Fleshing Out America: Race, Gender, and the Politics of the Body in American Literature, 1833-1879
Can we work through the imaginative space of literature to combat the divisive nature of the politics of the body? That is the central question asked of the writings Carolyn Sorisio investigates in Fleshing Out America. The first half of the nineteenth century ushered in an era of powerful scientific and quasi-scientific disciplines that assumed innate differences between the "types" of humankind. Some proponents of slavery and Indian Removal, as well as opponents of women's rights, supplanted the Declaration of Independence's higher law of inborn equality with a new set of "laws" proclaiming the physical inferiority of women, "Negroes," and "Aboriginals."
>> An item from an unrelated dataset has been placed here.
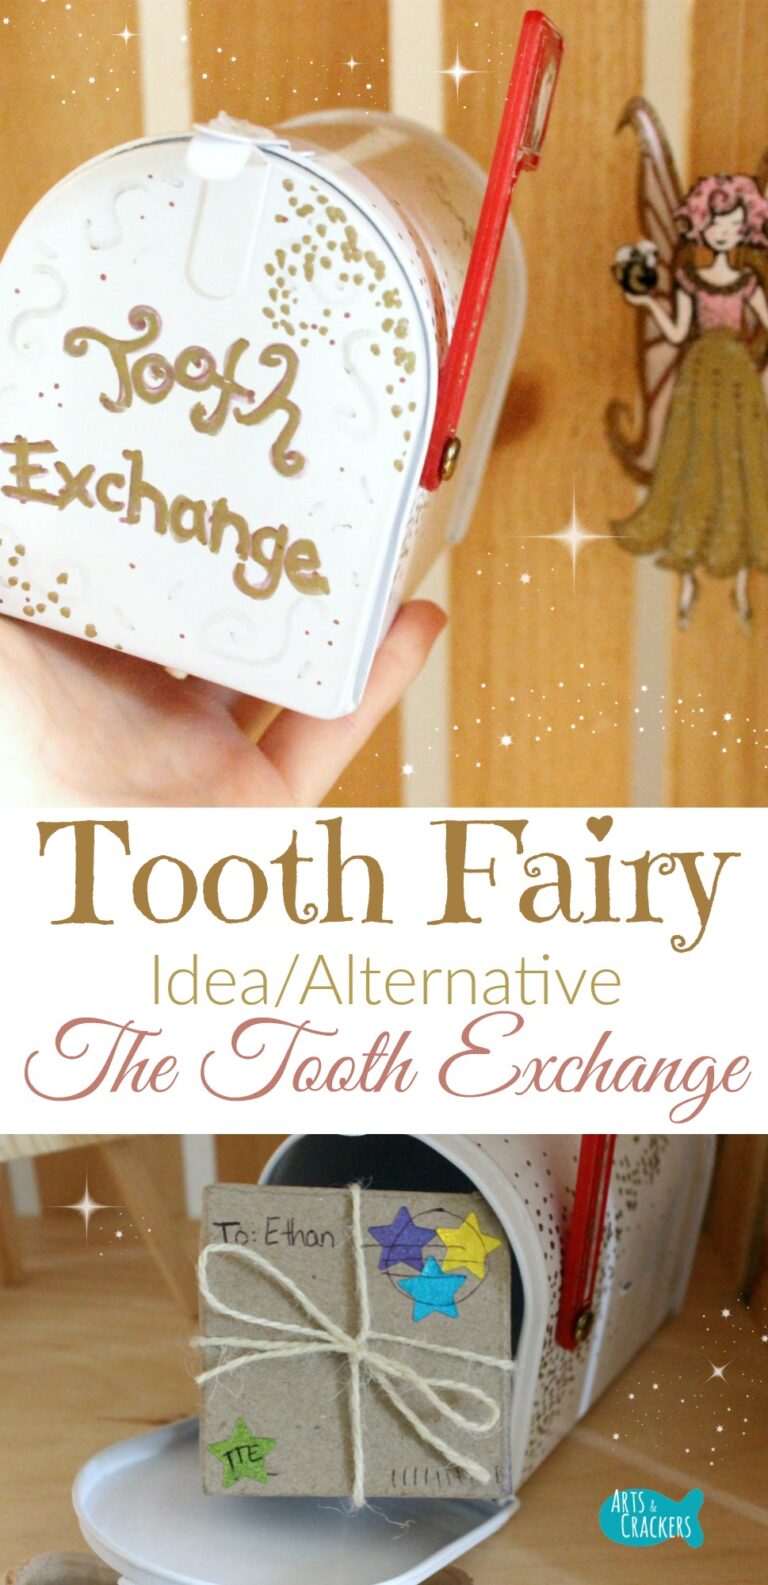 where-to-buy-tooth-fairy-box
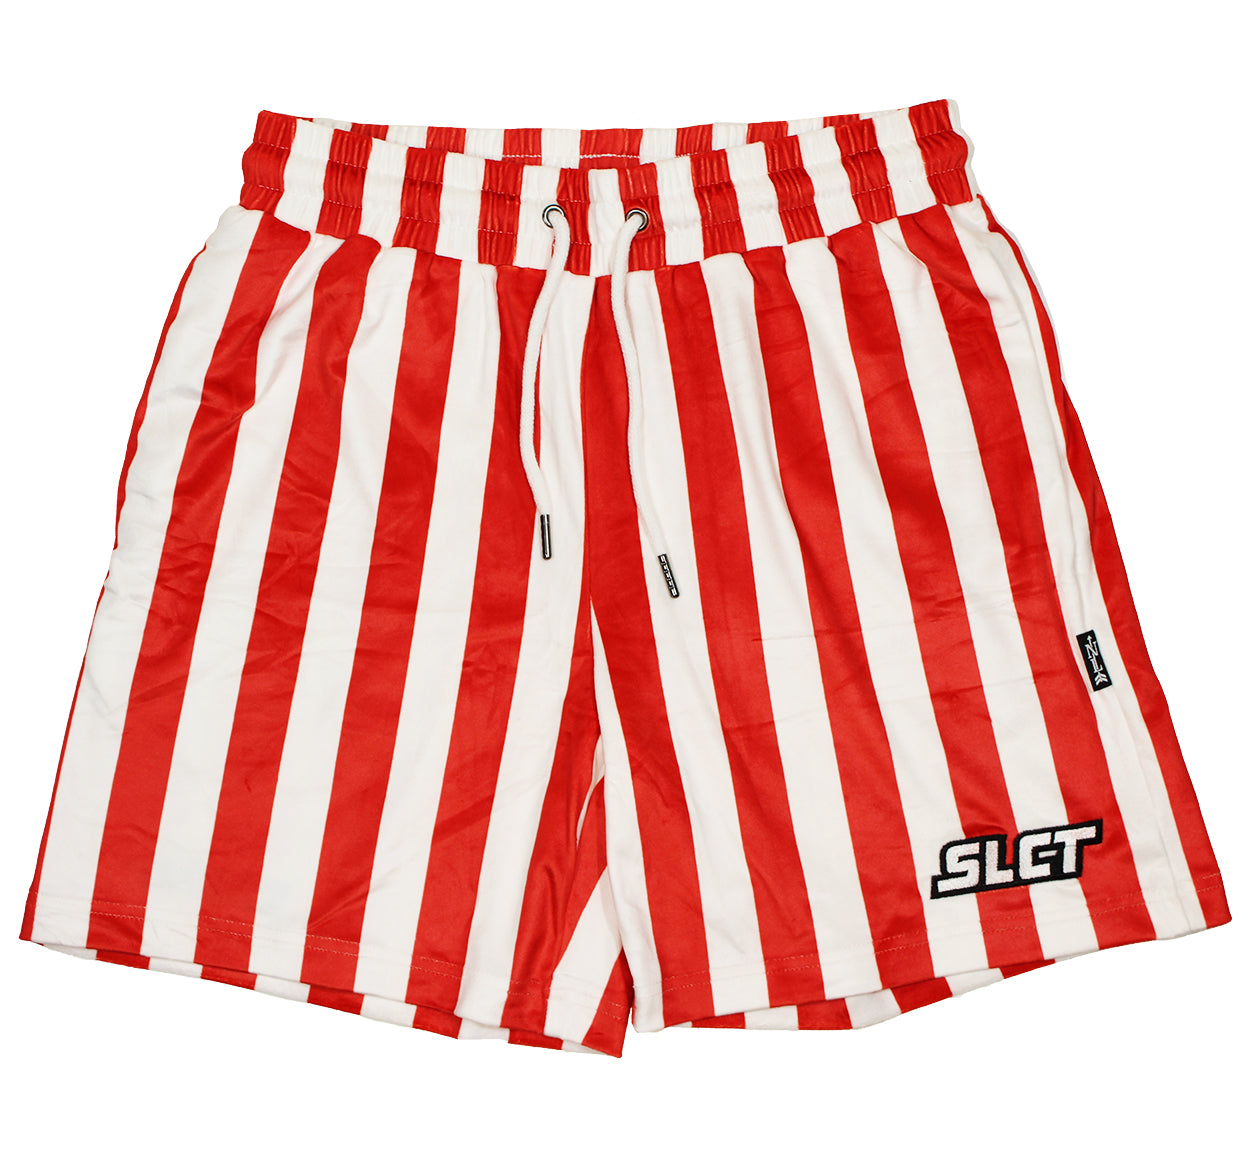 striped velour shorts in red/white with slct stock

Fleshing Out America explores the representation of the body in the work of seven authors, all of whom were involved with their era's reform movements: Lydia Maria Child, Frances E. W. Harper, Ralph Waldo Emerson, Margaret Fuller, Walt Whitman, Harriet Jacobs, and Martin R. Delany. For such American writers, who connected the individual body symbolically with the body politic, the new science was fraught with possibility and peril. Covering topics from representation, spectatorship, and essentialism to difference, power, and authority, Carolyn Sorisio places these writers' works in historical context and in relation to contemporary theories of corporeality. She shows how these authors struggled, in diverse and divergent ways, to flesh out America--to define, even defend, the nation's body in a tumultuous period.
Drawing on Euro- and African American authors of both genders who are notable for their aesthetic and political differences, Fleshing Out America demonstrates the surprisingly diverse literary conversation taking place as American authors attempted to reshape the politics of the body, which shaped the politics of the time.